Purpose: Systematic monitoring of sedation, pain and delirium in the ICU is of paramount importance in delivering adequate patient care. While the use of systematic monitoring instruments is widely agreed upon, these tools are infrequently implemented into daily ICU care. The aim of this study is to compare the effectiveness of two different training strategies (training according to the local standard vs. modified extended method) on the implementation rate of scoring instruments on the ICU.
Methods: In this experimental cohort study we analyzed the frequency of scoring on three surgical ICUs before and after training, and in a 1 year follow-up. A modified extended training included establishing a local support team helping to resolve immediate problems.
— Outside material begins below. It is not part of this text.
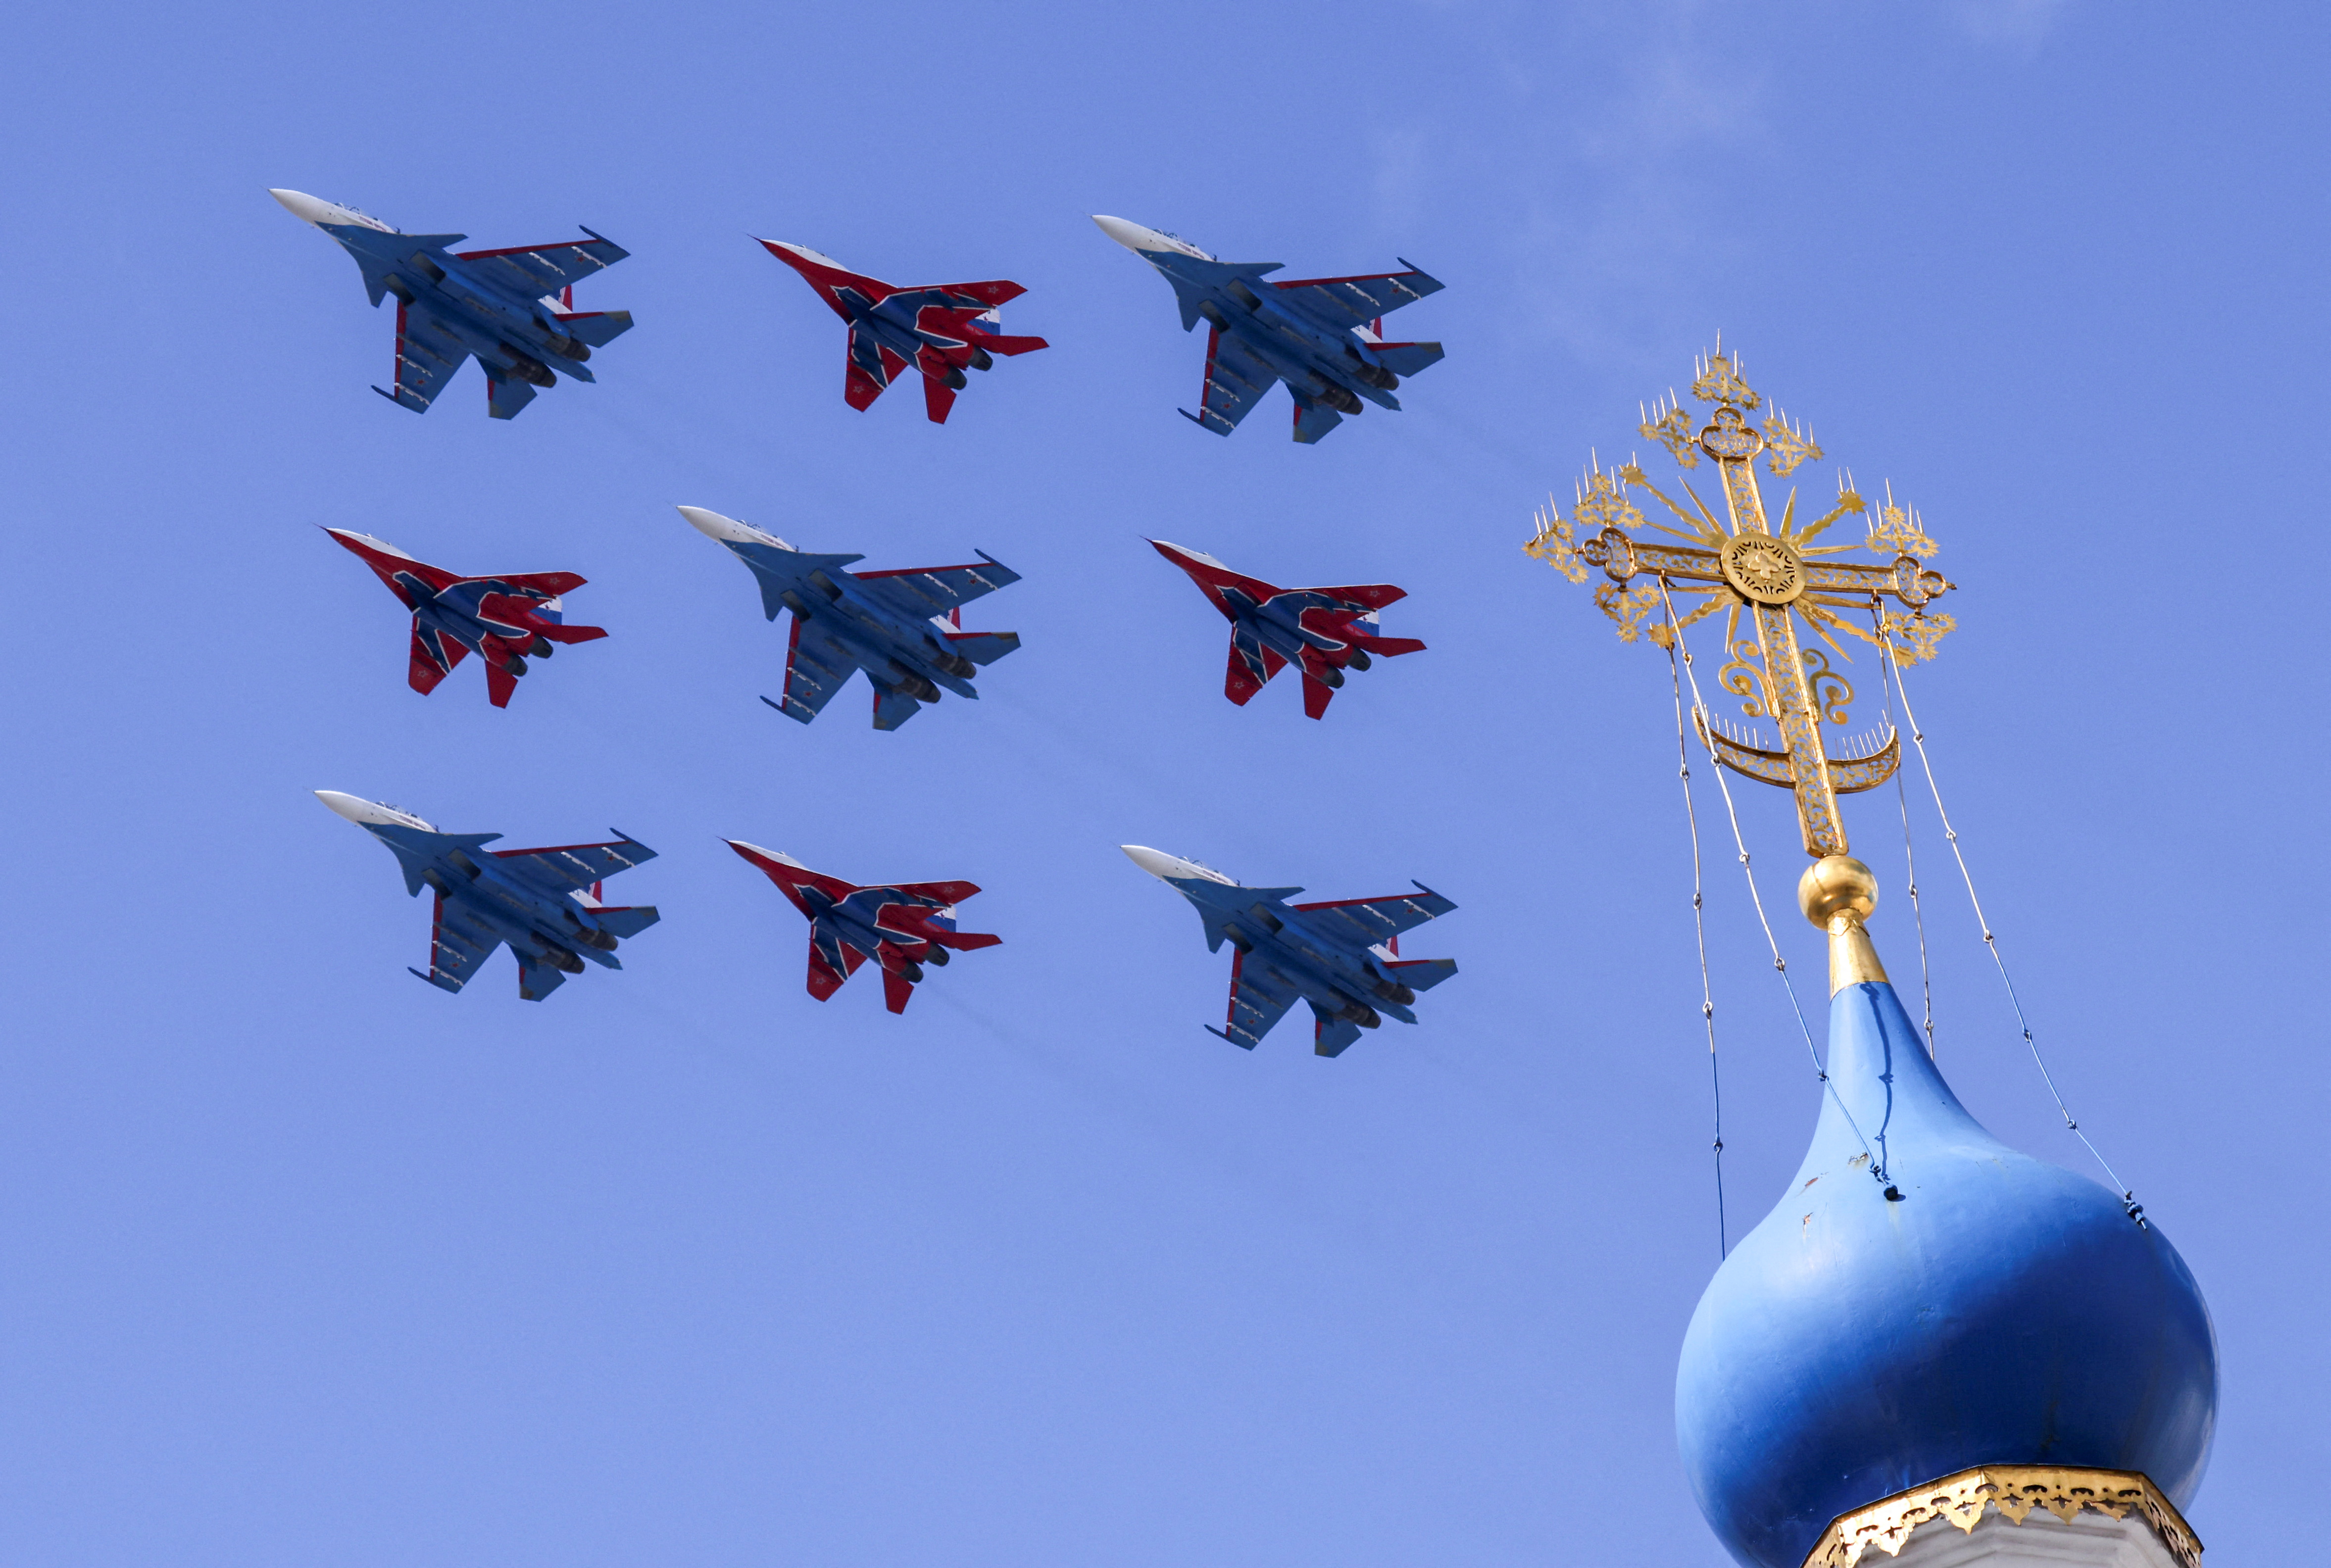 Los aviones de combate MiG-29 del ejército ruso de Strizhi (Swifts) y los aviones de combate Su-30SM de los equipos acrobáticos Russkiye Vityazi (Caballeros Rusos) vuelan en formación durante un ensayo  (REUTERS/Maxim Shemetov)

In addition we evaluated the impact on patients' outcome.
Results: ICUs trained by the modified extended method showed increased documentation rates of all scores per patient and day. In a 1 year follow-up, increased scoring rates for all scores were maintained. Scoring rates with training according to the local standard training protocol did not increase significantly. Implementation of delirium and pain monitoring were associated with a decrease in mortality [odds ratio (OR) 0.451; 95 % confidence interval (CI): 0.22-0.924, and, respectively, OR 0.348; 95 % CI: 0.140-0.863]. Monitoring had no significant influence on ventilation time or ICU length of stay.
Conclusions: A modified extended training strategy for ICU monitoring tools (sedation, pain, delirium) leads to higher intermediate and long-term implementation rates and is associated with improved patient outcome. However, these findings may have been biased by unmeasured confounders.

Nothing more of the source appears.